Молчали; и уже чувствовали, как немеют ноги от дальнего пути. Справа от шоссе то ли сгустилась, то ли посерела тьма, обрисовав кучу домишек; и в одном окне блестел яркий и острый, как гвоздь, огонь — один на всю необъятную темноту ночи. Колесников остановился и схватил Сашу за руку:
— Смотри, Саша! Ну не сразу ли видно, что рабий огонь. Воззрился в темноту, а сам, того-этого, дрожит и мигает, как подлец. Нет, будь ему пусто, пойду напугаю его. Много, думаешь, ему нужно? Попрошу воды, а он уж и готов…
Но Саша, смеясь, удержал его. Начинала томить усталость. Сели на краю канавки, лицом к далекому огоньку, уже расплывшемуся в желтизне окна; Саша закурил.
— Последняя, — сказал он про папиросу, — всю дорогу берег.
Остальной путь шли молча: устала душа от пережитого, и хотелось думать в одиночку. Только уже у шлагбаума Колесников поставил точку над своими размышлениями и грустно сказал:
— Да, того-этого, никакой дурак в трубе углем не пишет, а мелом.
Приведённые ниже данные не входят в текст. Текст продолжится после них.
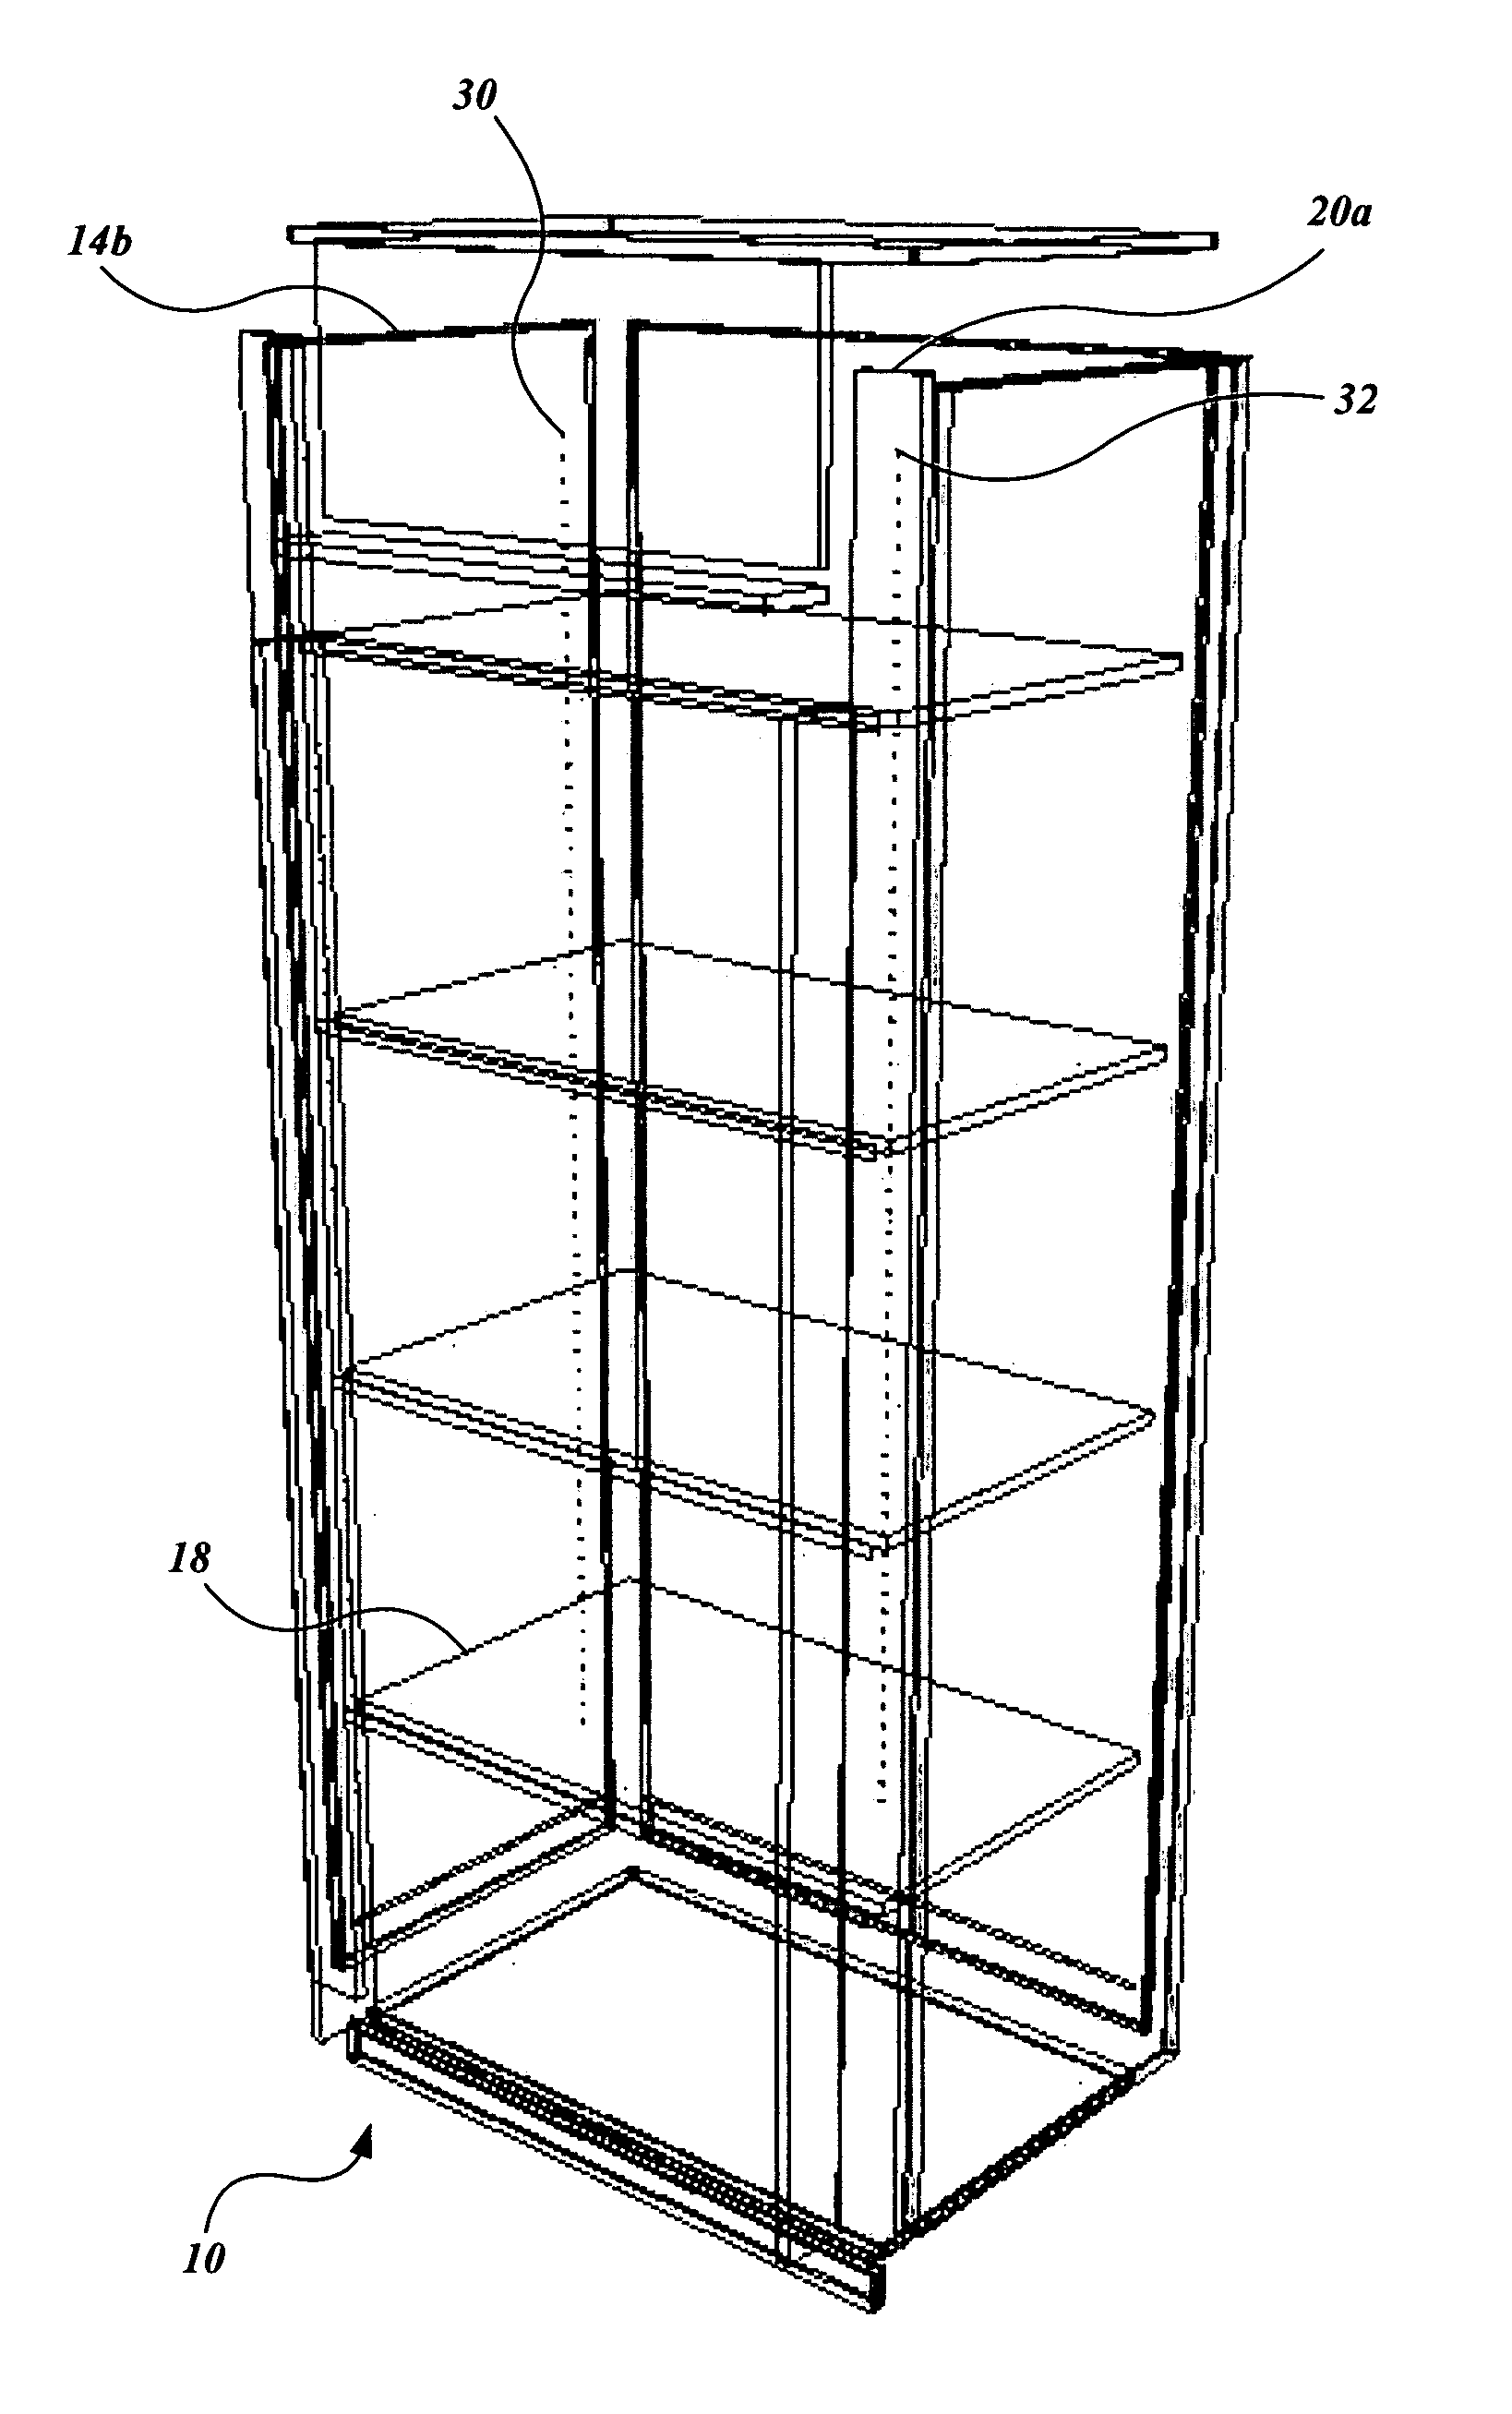 Method, system and article of manufacture for a modular room

Так-то, Саша, мел ты мой белейший.
— Завтра придешь?
— Нет. Больше к вам я не приду.
Он сказал «к вам», а не «к тебе», и Саша понял это и одобрил. И вдруг, при мысли о матери, которой он с утра не видал и которая ждет его, сердце его сжалось невыносимой, почти физической болью: даже захватило дыханье. И на мгновенье все это показалось страшным сном: и ночь, и Колесников, и те чувства, что только что до краев наполняли его и теперь взметнулись дико, как стая потревоженного воронья. И особенно похоже было на сон полосатое бревно шлагбаума, скупо озаренное притушенным фонарем: что-то невыносимо ужасное, говорящее о смерти, о холоде, о беспощадности судьбы, заключали в себе смутные полосы черной и белой краски. Но это было только мгновение.
И по улице шли молча, торопясь дойти до перекрестка, где разветвлялись пути. Звякнула за углом в переулке подкова и вынырнули возле фонаря два стражника на тяжелых, ленивых лошадях. Хотели повернуть направо, но, увидев на пустынной улице двух прохожих, повернули молча в их сторону. Колесников засмеялся:
— Вот вздумают они нас, того-этого, обыскать, тут нашему громкому делу и конец. Смотри, как целятся.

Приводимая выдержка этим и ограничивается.